» ACTIVITY
Go to the line that contains "Landscape of geological", then write out that line and all that follow to the end of the listing, exactly and without pictures.

» THE DATA
****************

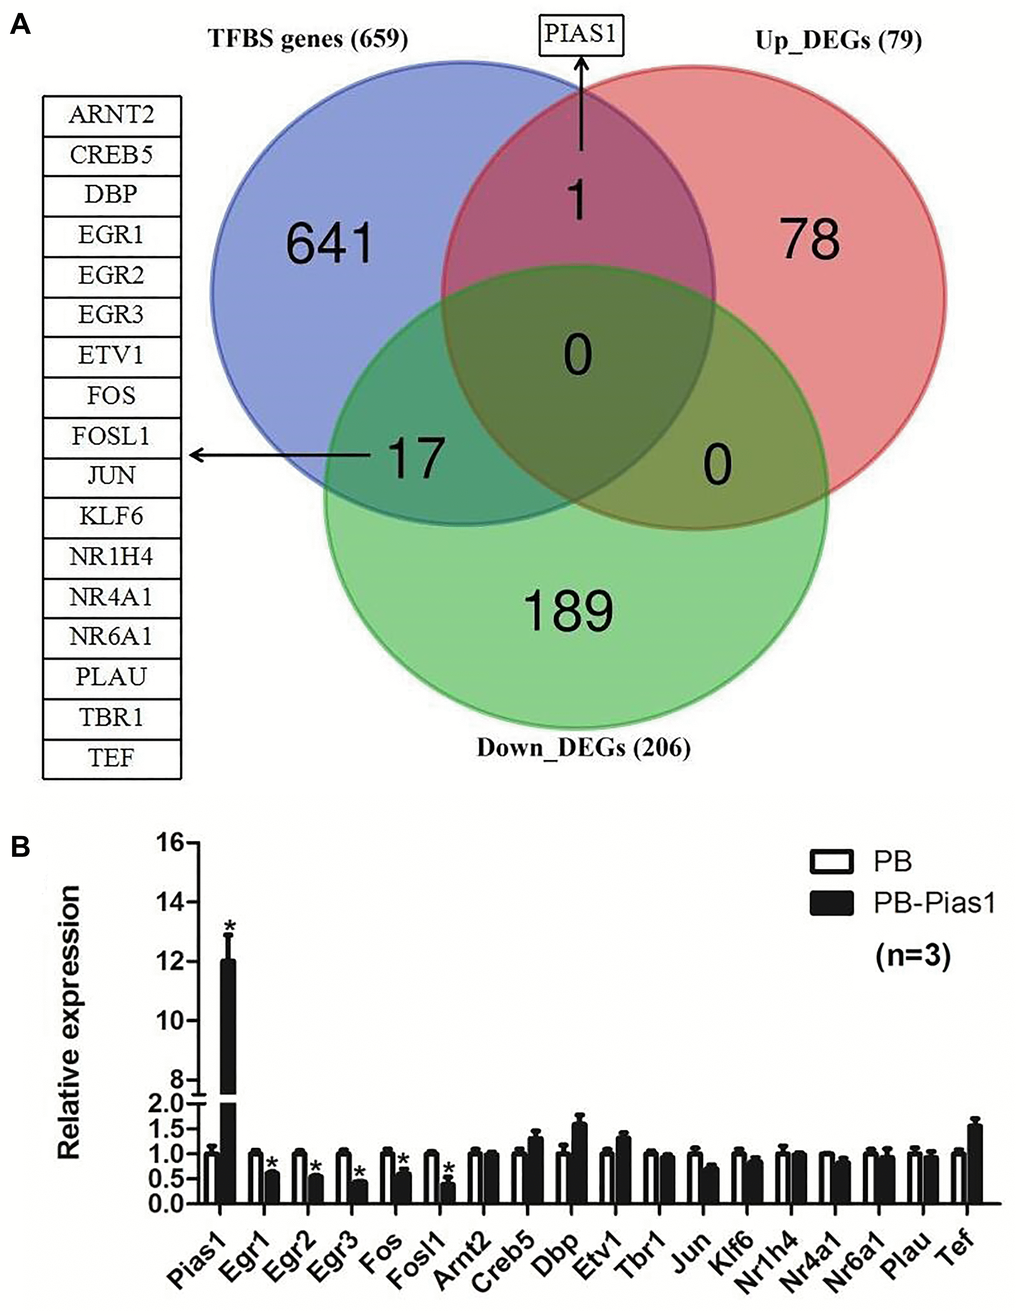 Overlapping targets between transcription factor binding site genes of STAT1 and DEGs of PIAS1. (A) Transcription factor binding site (TFBS) prediction for STAT1 was performed and compared with the differentially expressed genes of RNA-seq results in PIAS1 overexpression cell lines. As a result, 18 overlapping genes, including one upregulated gene PIAS1 and 17 downregulated genes, were identified as the target genes. (B) The regulation of the overlapping genes was evaluated by qPCR. As a result, five genes, including early growth response 1 (Egr1), early growth response 2 (Egr2), early growth response 3 (Egr3), FBJ osteosarcoma oncogene (Fos) and fos-like antigen 1 (Fosl1), were significantly downregulated in PIAS1-overexpressing cells.
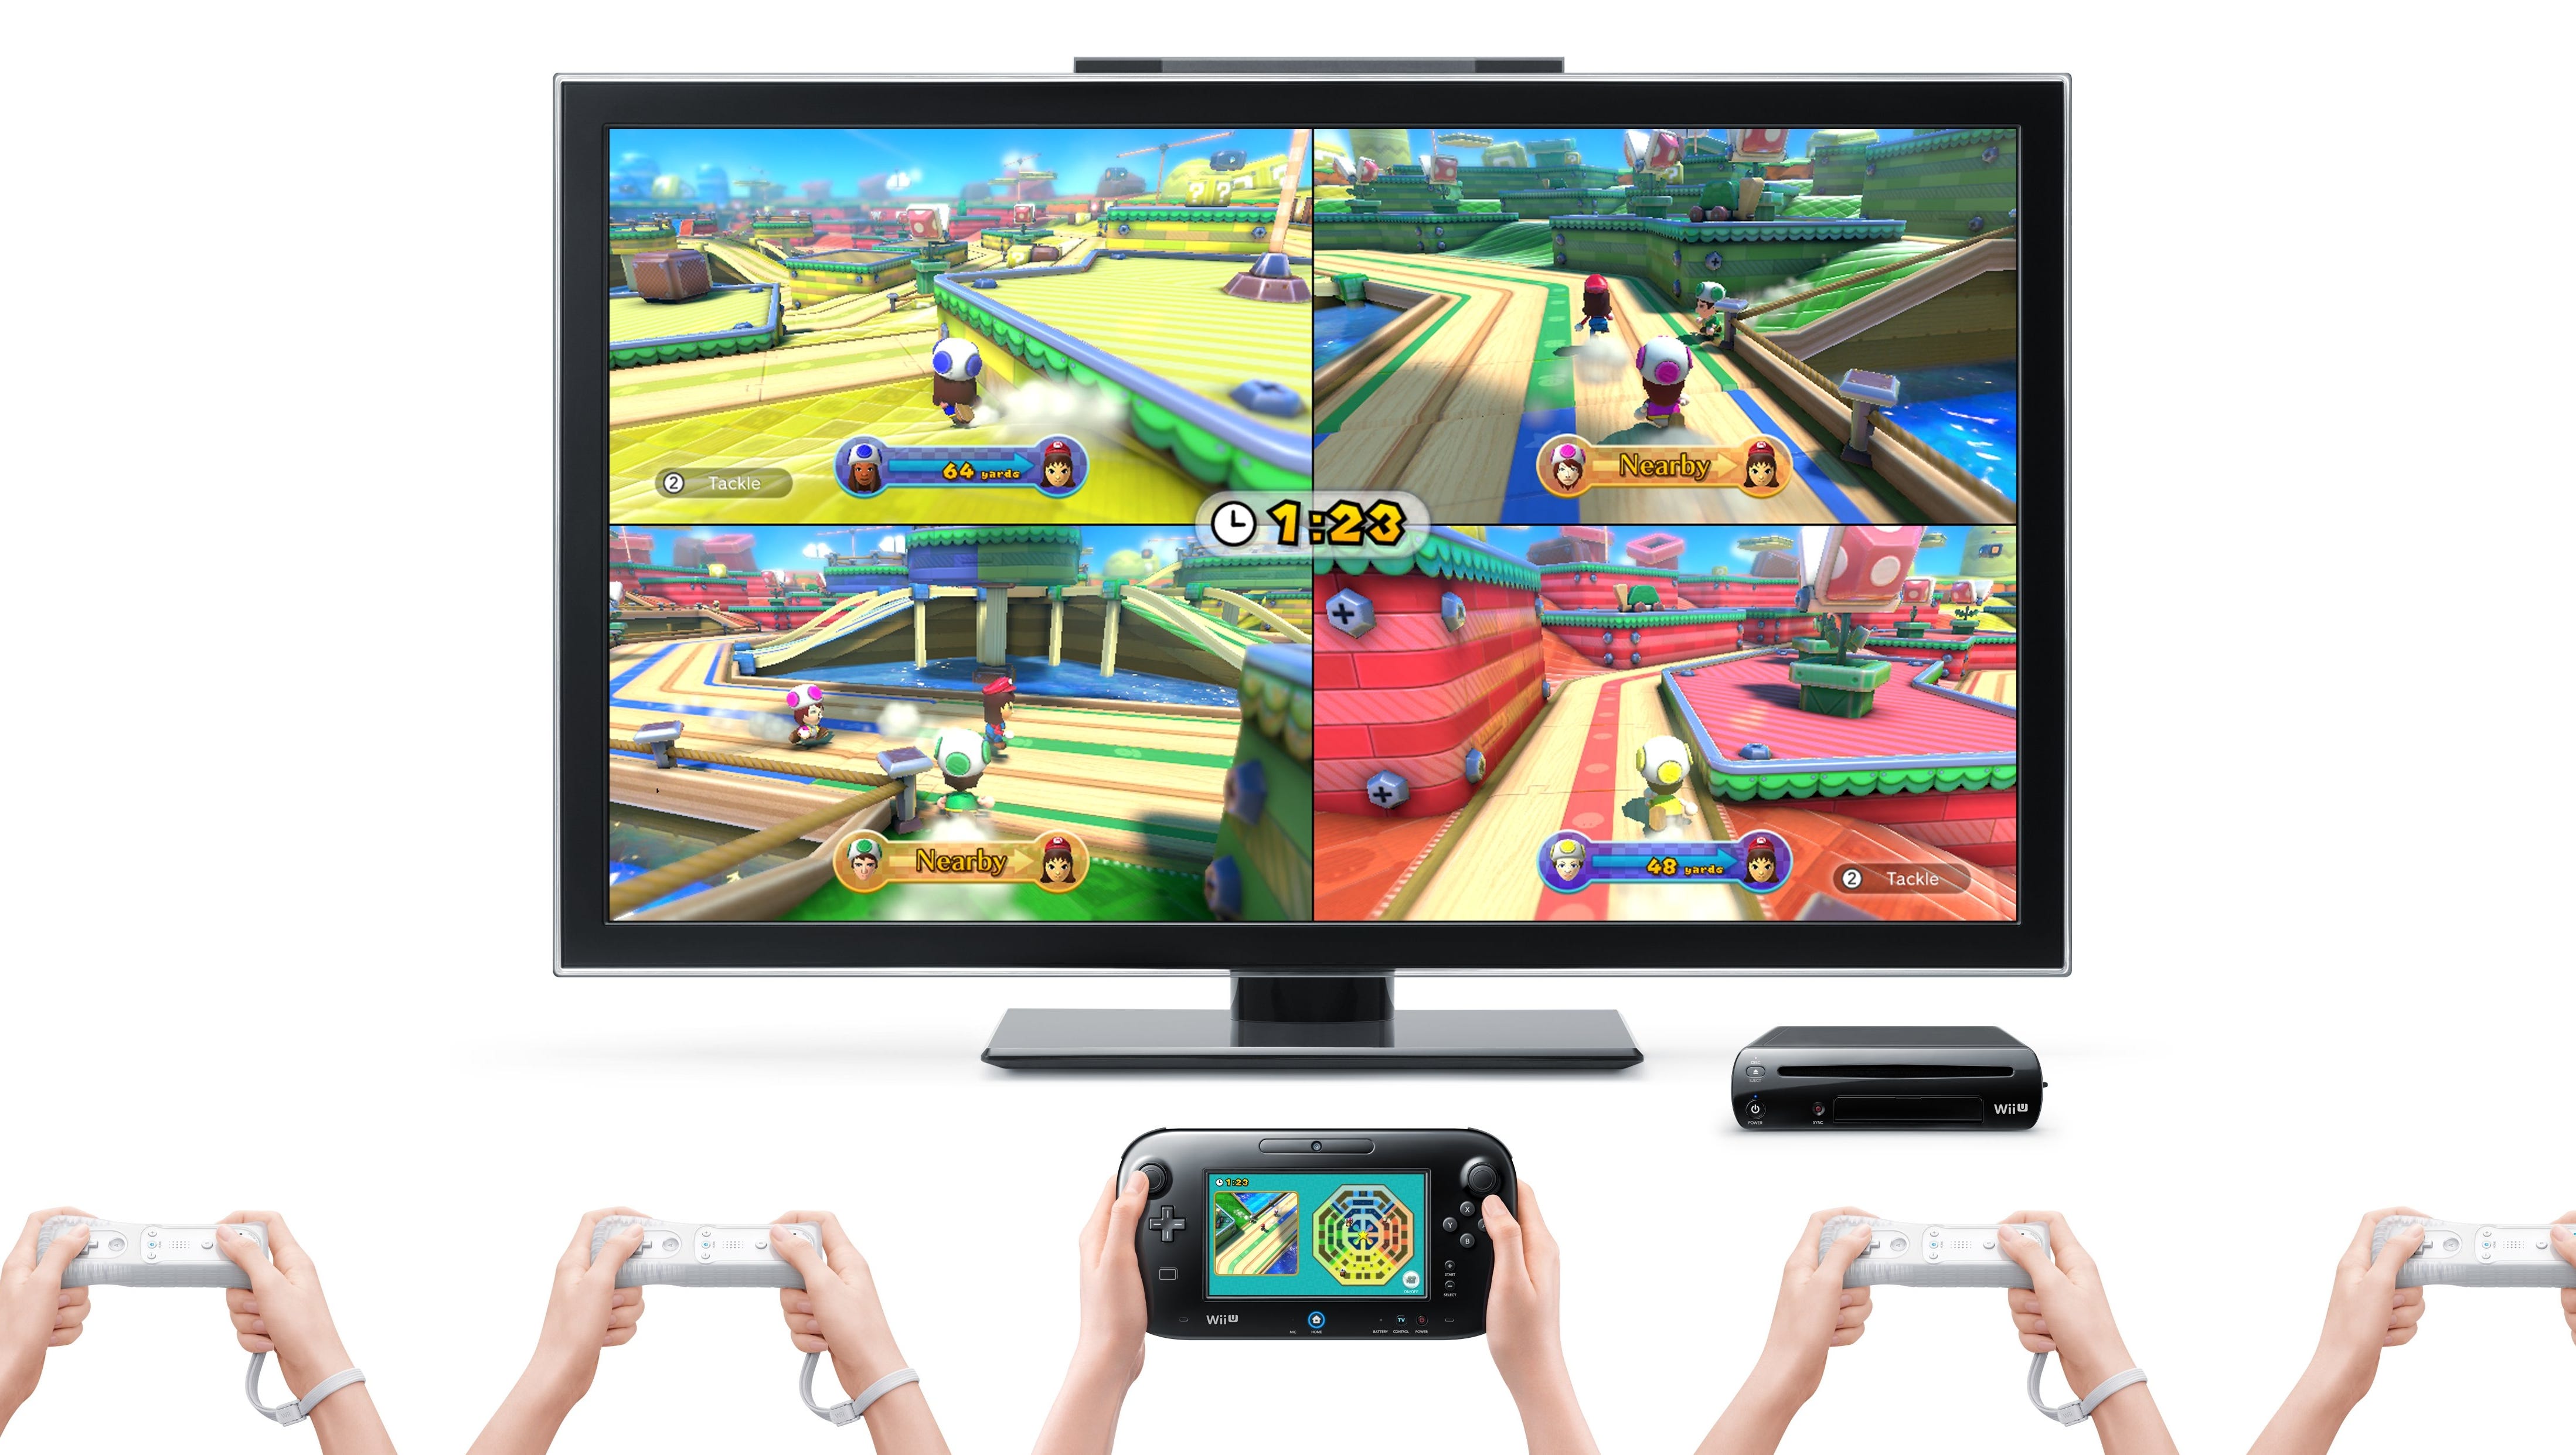 wii u games for toddlers age 3
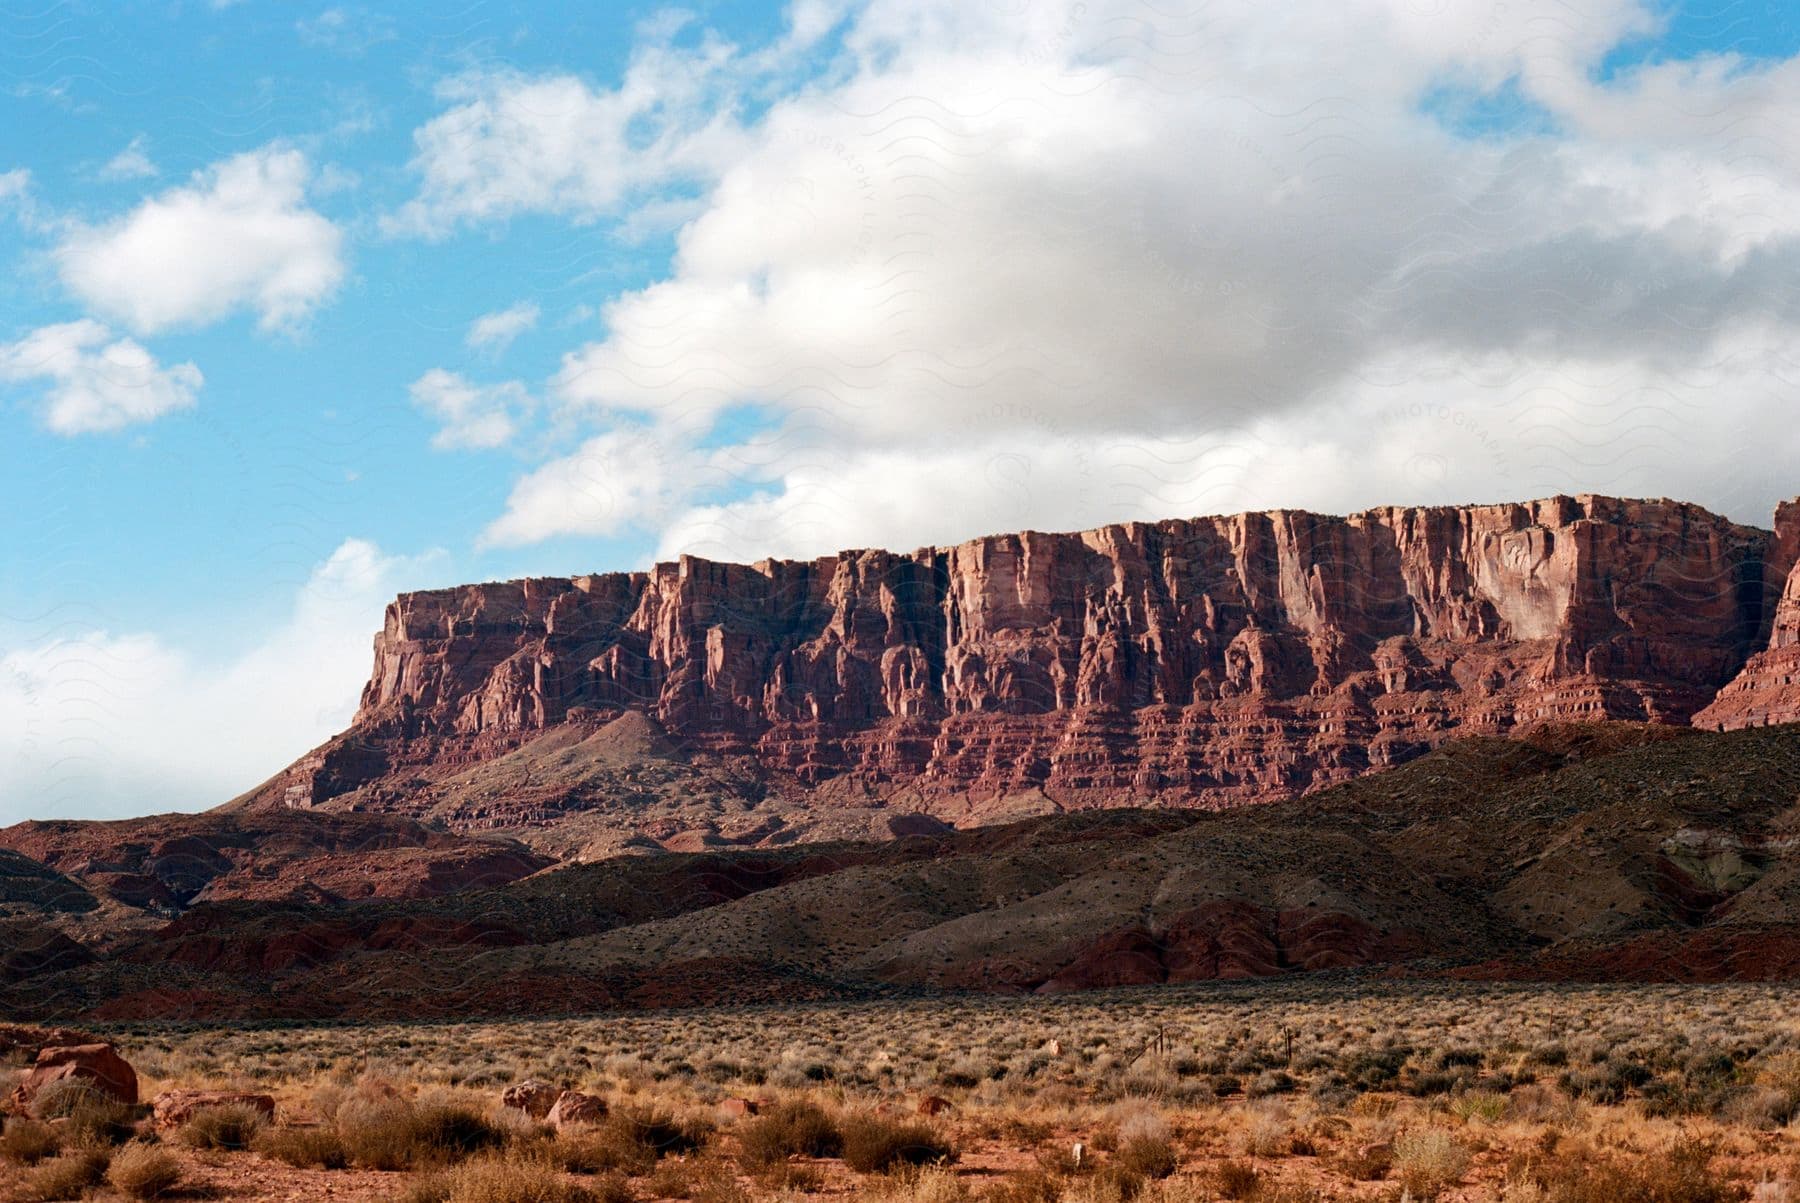 Landscape of geological canyons in a place of dry vegetation on a blue sky day with clouds.
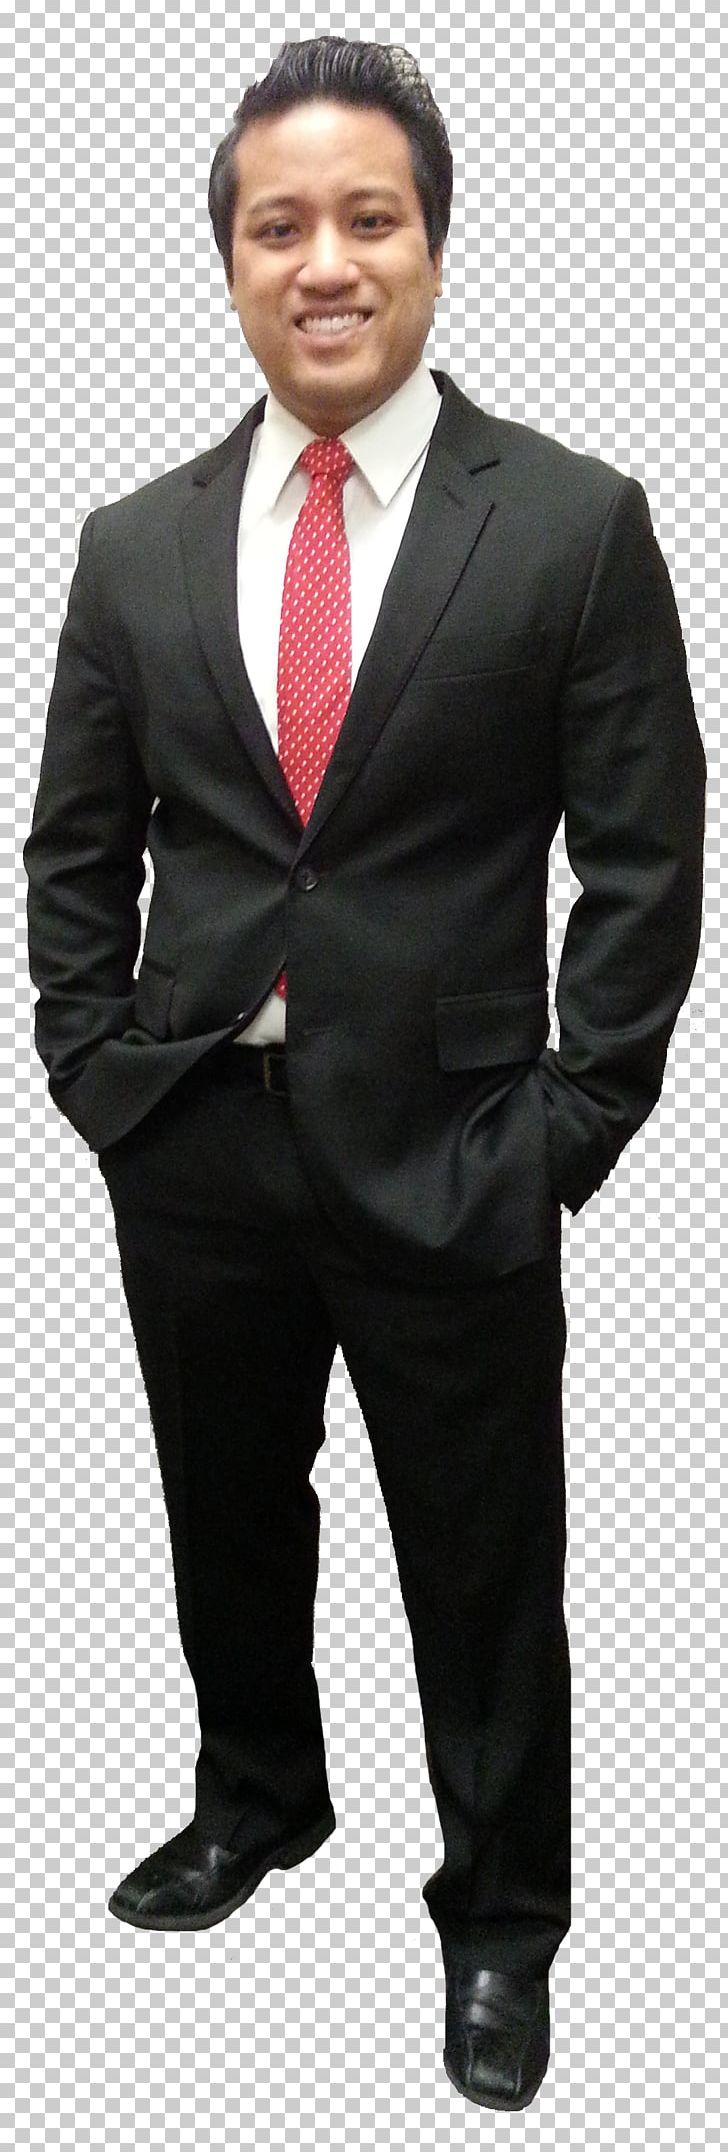 Amazon.com Clothing Tailor Tuxedo Costume PNG, Clipart, Amazoncom, Blazer, Business, Businessperson, Clothing Free PNG Download

****************

» ANSWER TO THE PROBLEM
 Landscape of geological canyons in a place of dry vegetation on a blue sky day with clouds.
 Amazon.com Clothing Tailor Tuxedo Costume PNG, Clipart, Amazoncom, Blazer, Business, Businessperson, Clothing Free PNG Download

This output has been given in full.